Neanderthals Divvied Up Chores by Sex

New research on Neanderthal teeth shows differing gender roles

Anna Peisl/Corbis

Despite centuries of progress, studies show that women still do more housework than men. But new research reveals that modern couples are not the first to divide chores by sex. Fossil evidence from Neanderthal teeth seems to indicate that the practice of expecting women to help out around the house dates as far back as 100,000 years.
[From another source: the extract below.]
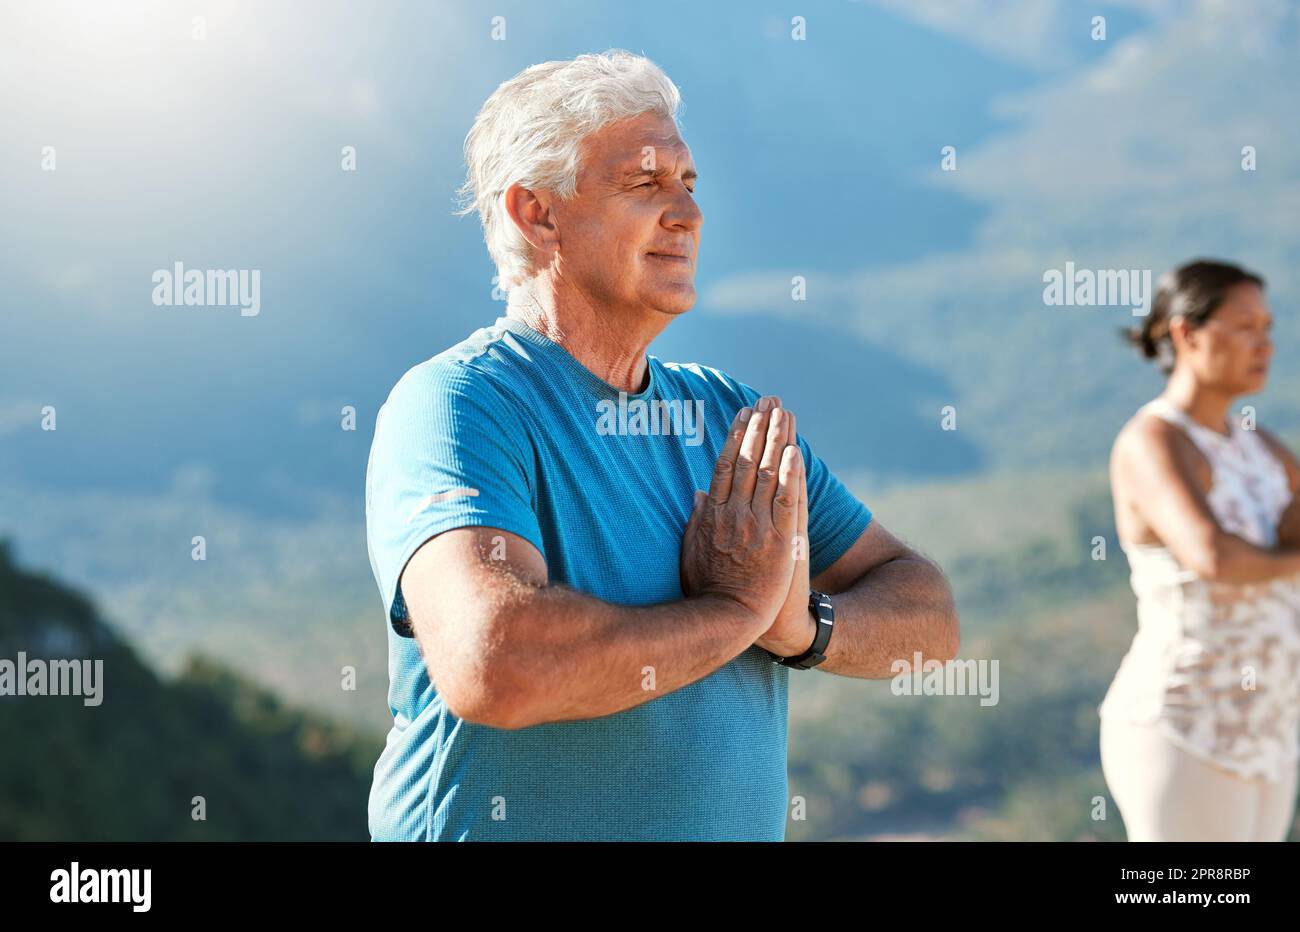 Seniorenmann meditiert mit geschlossenen Händen und geschlossenen Augen tief atmen. Reife Menschen, die Yoga in der Natur machen, leben einen gesunden aktiven Lebensstil im Ruhestand Stockfoto

When Spanish scientists took a look at 99 fossilized Neanderthal teeth from 19 individuals, they found deep dental grooves in all of them. That wasn’t surprising to researchers—the fossil record demonstrates that Neanderthals used the mouth as a kind of “third hand," used as a tool to cut meat or process furs, for instance. But when the researchers compared teeth by sex, they found that women’s teeth had longer grooves in the lower portions of their incisors and canine teeth, while men had nicks in the upper portions.

Different dental grooves mean different work, says Antonio Rosas, a researcher who headed up the project, in a release. “So far, we thought that the sexual division of labor was typical of sapiens societies, but apparently that's not true.” The team surmises that though both sexes hunted food, women were responsible for making and maintaining clothing, while men focused on repairing stone tools.

As it turns out, Spanish anthropologists aren’t the only ones with gender parity on the mind. IKEA, as iDigitalTimes reports, has identified household communication as a problem that dates to "the dawn of time" (illustrated below by cartoons of cave people) and has dreamed up a solution—custom emoji aimed at helping couples communicate about clutter.